Six months after my departure and hundreds of miles away, I’m still licking my wounds. So when David offers me his hand, I take it gladly. Moments of respite are few and far between in this business, and David is one person who would understand exactly what I’m feeling—if I had the courage to tell him.
“Do you think they’re laying odds yet?” He smiles over my shoulder at the interested audience our two-step has garnered.
I want to laugh, but something about this wedding has gotten under my skin, made me feel vulnerable. I came to Nashville to escape the loneliness and conflict of being a single woman minister in a small
town. Yet except for David and LaRonda, my best girlfriend from my divinity school days, I’ve had little success in widening my social circle. It doesn’t help that Valentine’s Day is next week.
“I think my parishioners have moved beyond betting on my love life. They’ve resorted to prayer.” The moment I say those words, I want to take them back. The one thing I like about David is that I never get any pity from him. Only good-natured ribbing, and lots of it.
He twirls me around and then smoothly guides me across the floor. “I wouldn’t worry until they start organizing twenty-four-hour prayer vigils.”

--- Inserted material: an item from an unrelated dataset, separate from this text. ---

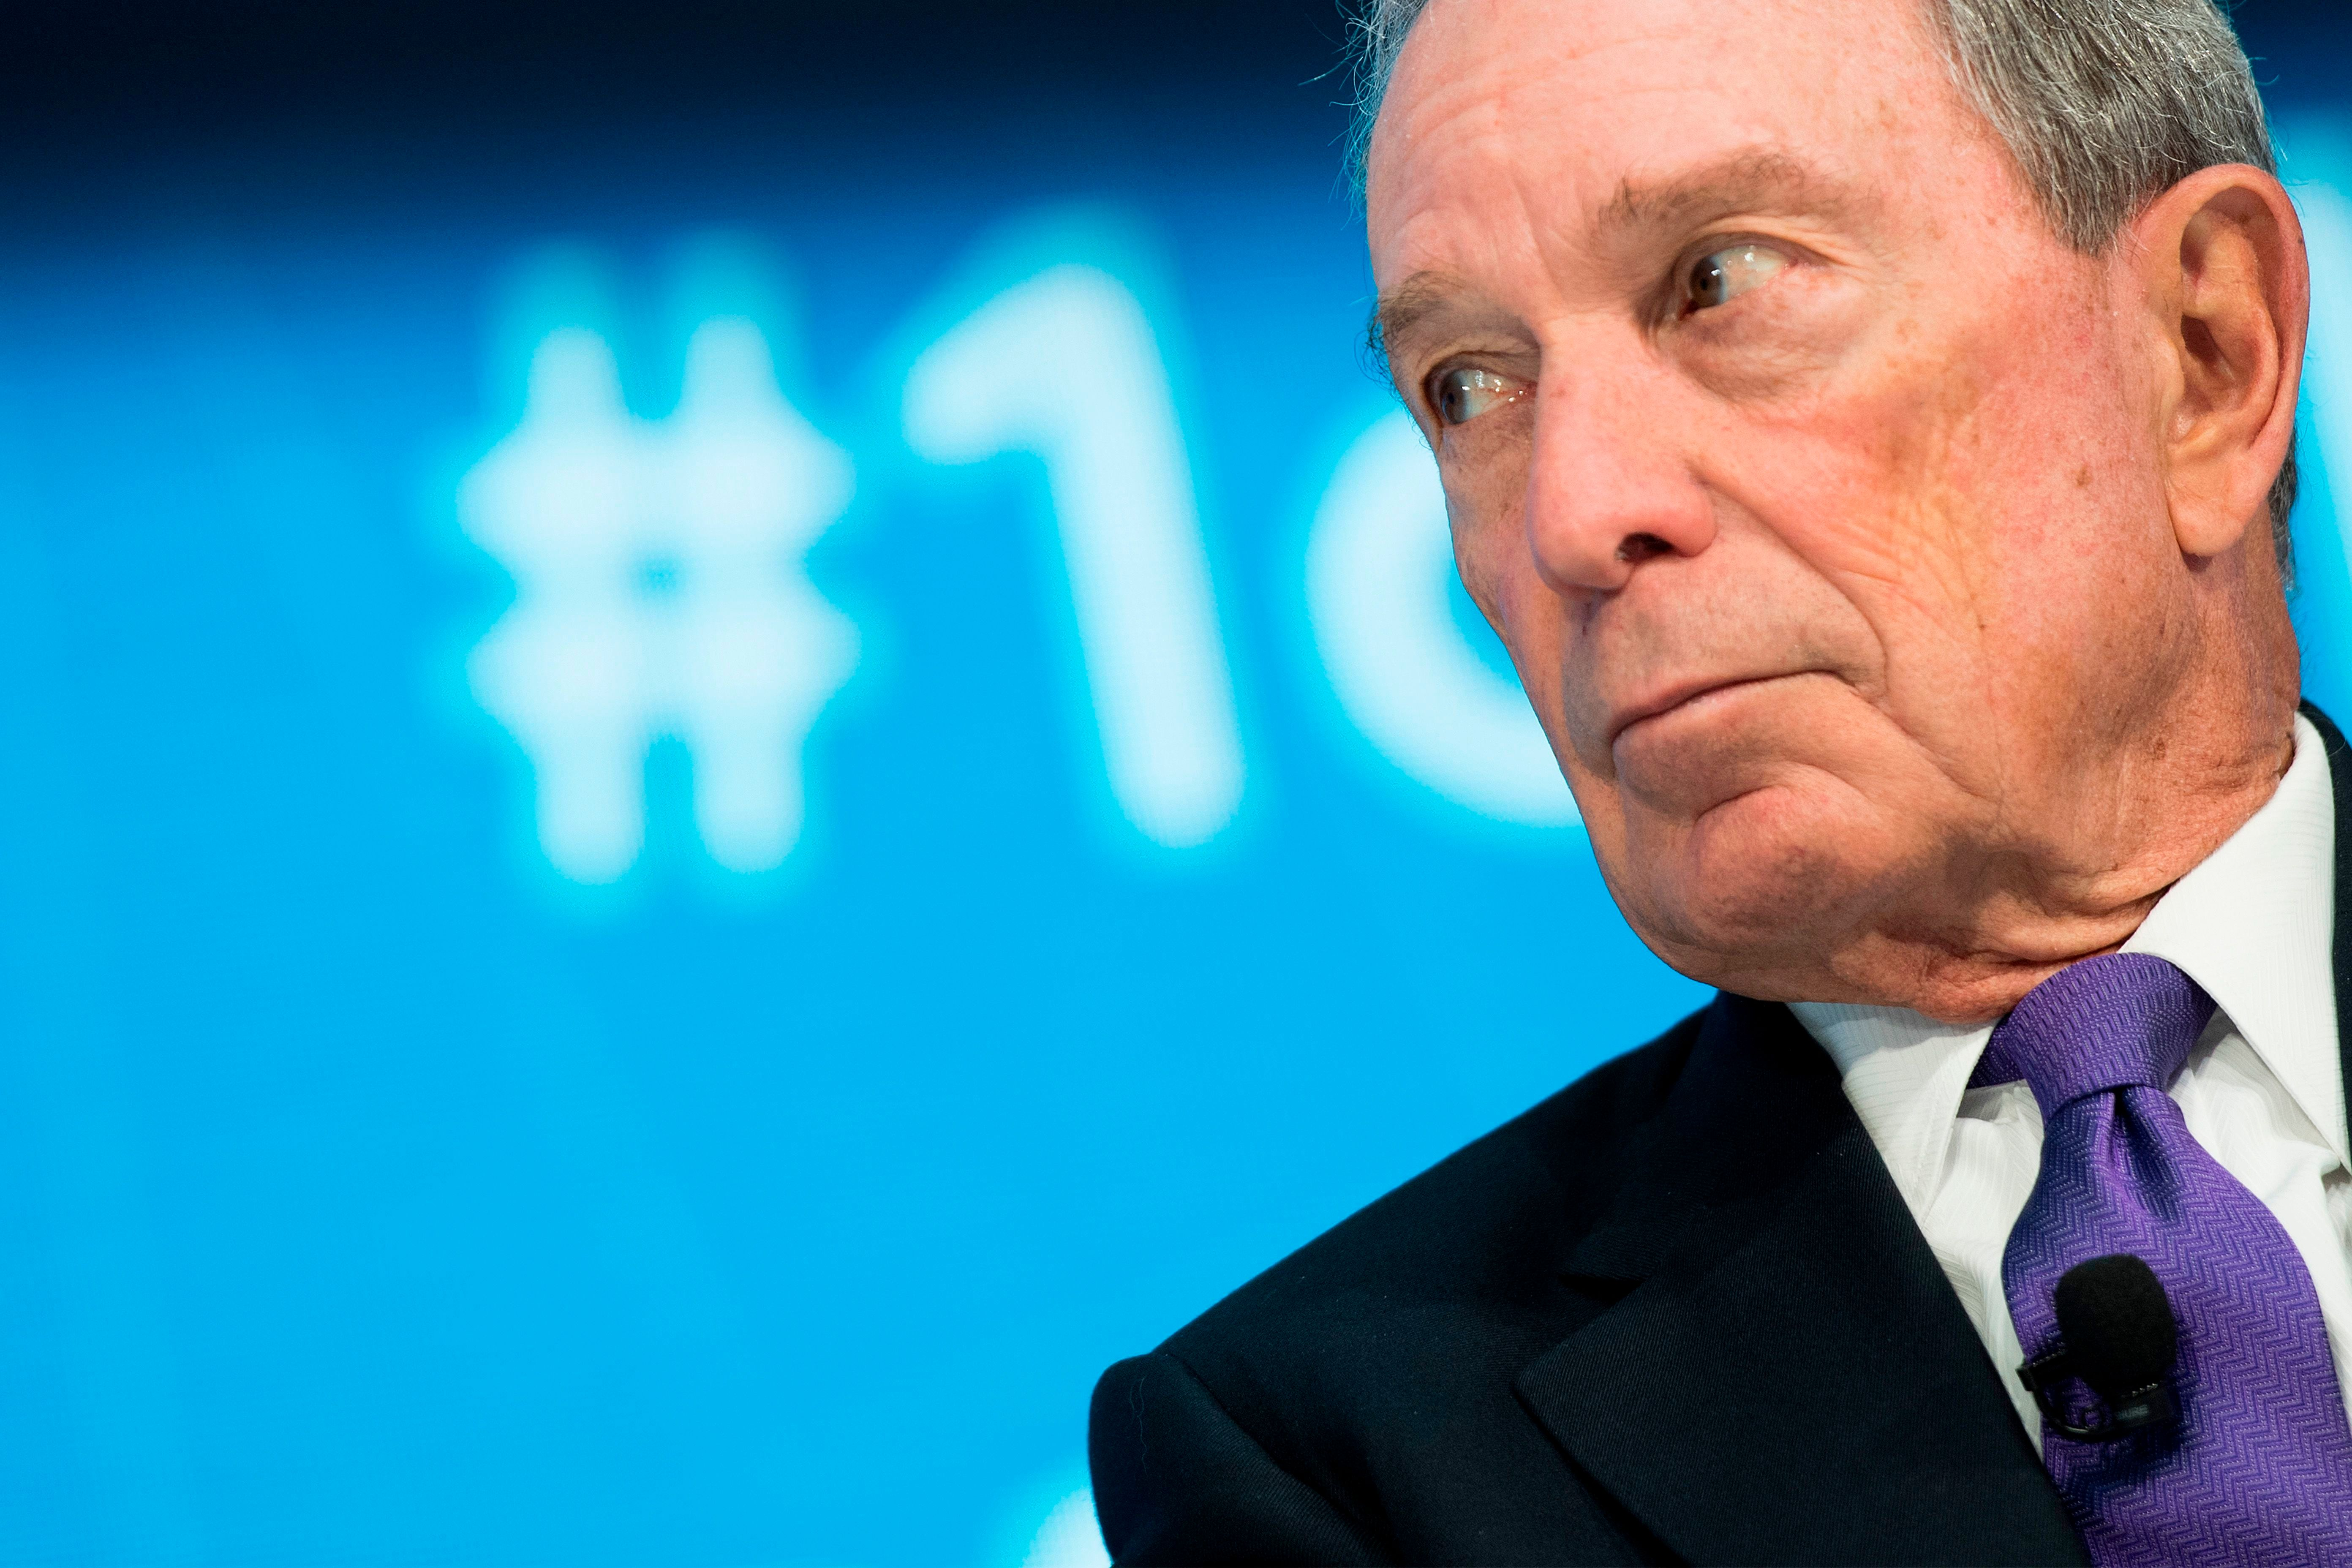 Former New York City Mayor Mike Bloomberg speaks at the International Monetary Fundin Washington, D.C., on April 19, 20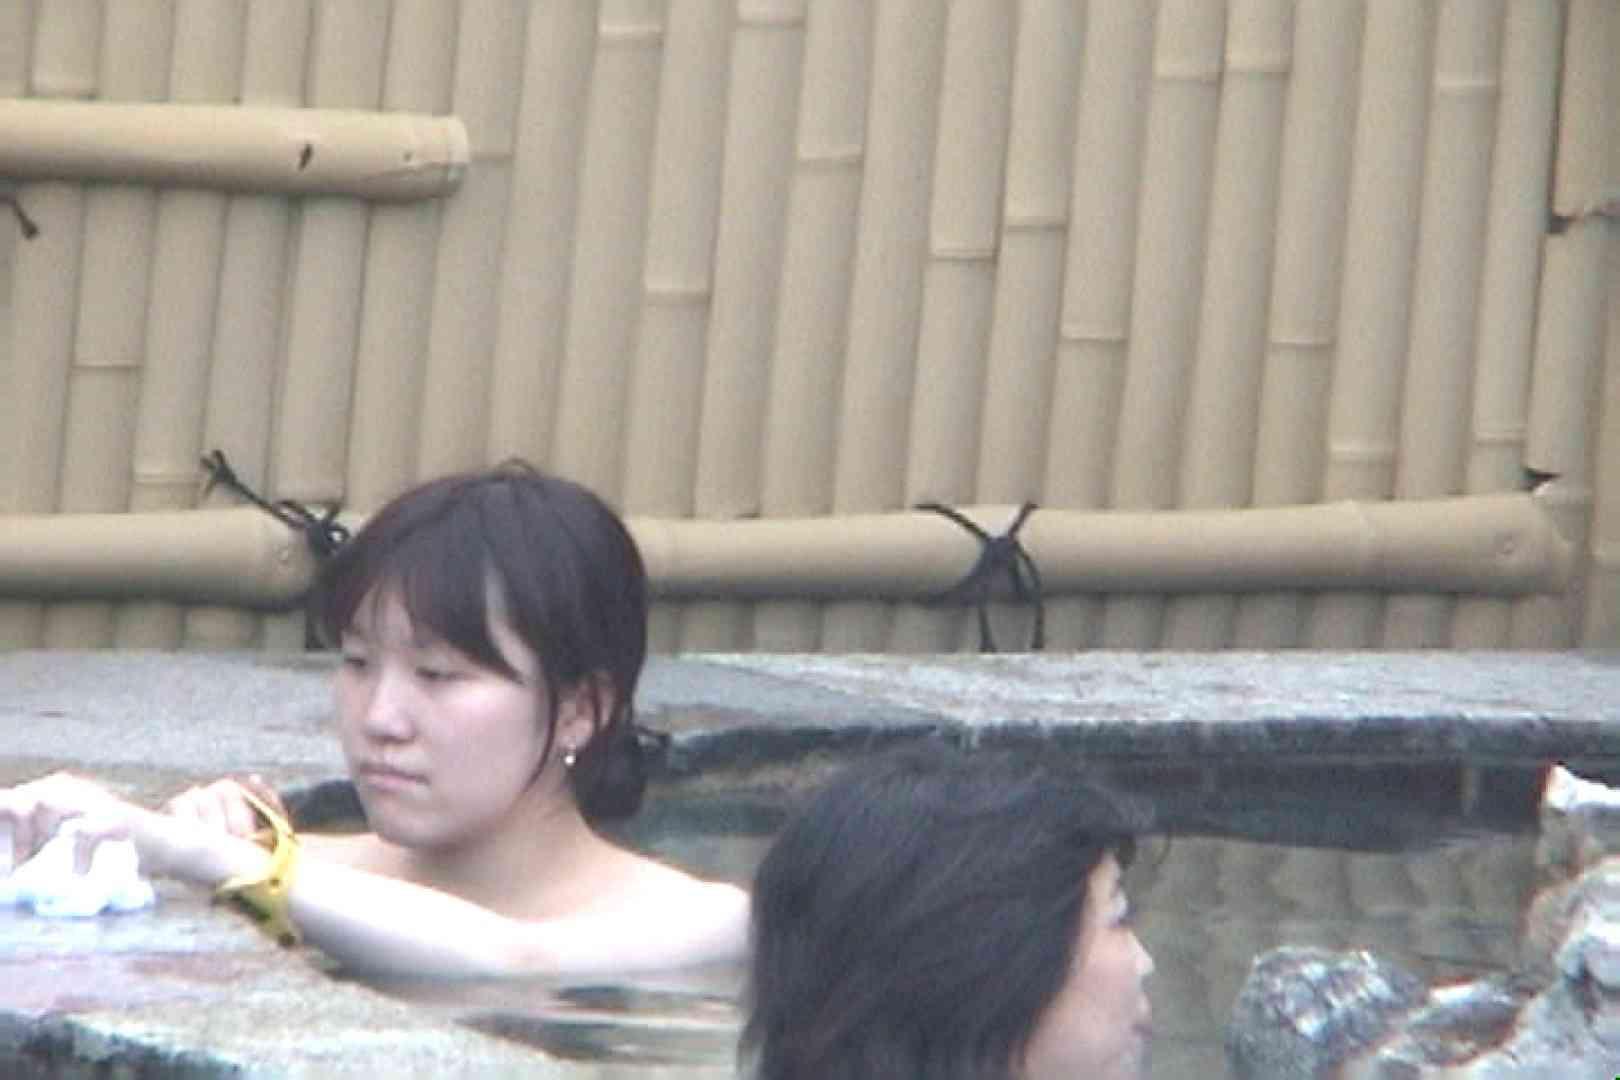 Aquaな露天風呂Vol.79【VIP限定】 盗撮 | HなOL  100pic 90

I laugh. I always do when I’m around David. I laugh a lot in general, too. I think it’s one of the better aspects of my personality, although I haven’t had much opportunity for laughter in the past few years. No one thinks you have a sense of humor if you’re a preacher. They refuse to tell you the risqué jokes. Conversation grinds to a halt at your approach. This line of thinking is too depressing to pursue while dancing with David, so I change the subject.
“What’s new at St. Helga’s?” It’s been a tough year for the parishioners since a tornado ripped through the sanctuary. They’ve been worshiping in their activity center for months while the debris is being cleared away. Currently, David is refereeing the design of the new “worship center”—apparently sanctuaries are passé.
He grimaces. “The vestry has formed a subcommittee to hold listening conferences about rebuilding.”
“I’m in prayer for you, friend.” We shake our heads over this development. Church committees move at glacial speed. Listening conferences (also known as gripe sessions) progress at the speed of
geological epochs. At this rate David will be preaching from underneath a basketball goal for the next twenty years.
He shrugs. “This too shall pass.”
I admire his stoicism. He twirls me around at the far end of the dance floor. “So, what are you up to after this?”
I sigh. “Quality time with my remote control. A pizza with everything if I’m feeling truly dangerous.”
“How about a movie?”
I’m immediately on my guard. Action flicks are David’s secret vice, his guilty pleasure. “Not if it involves Schwarzenegger, Vin Diesel, or Will Smith.”
“What do you suggest? Romantic comedy?”
“How about
Pride and Prejudice
meets
The Matrix?”
Laughing with David is
my
guilty pleasure. And one I sorely need tonight.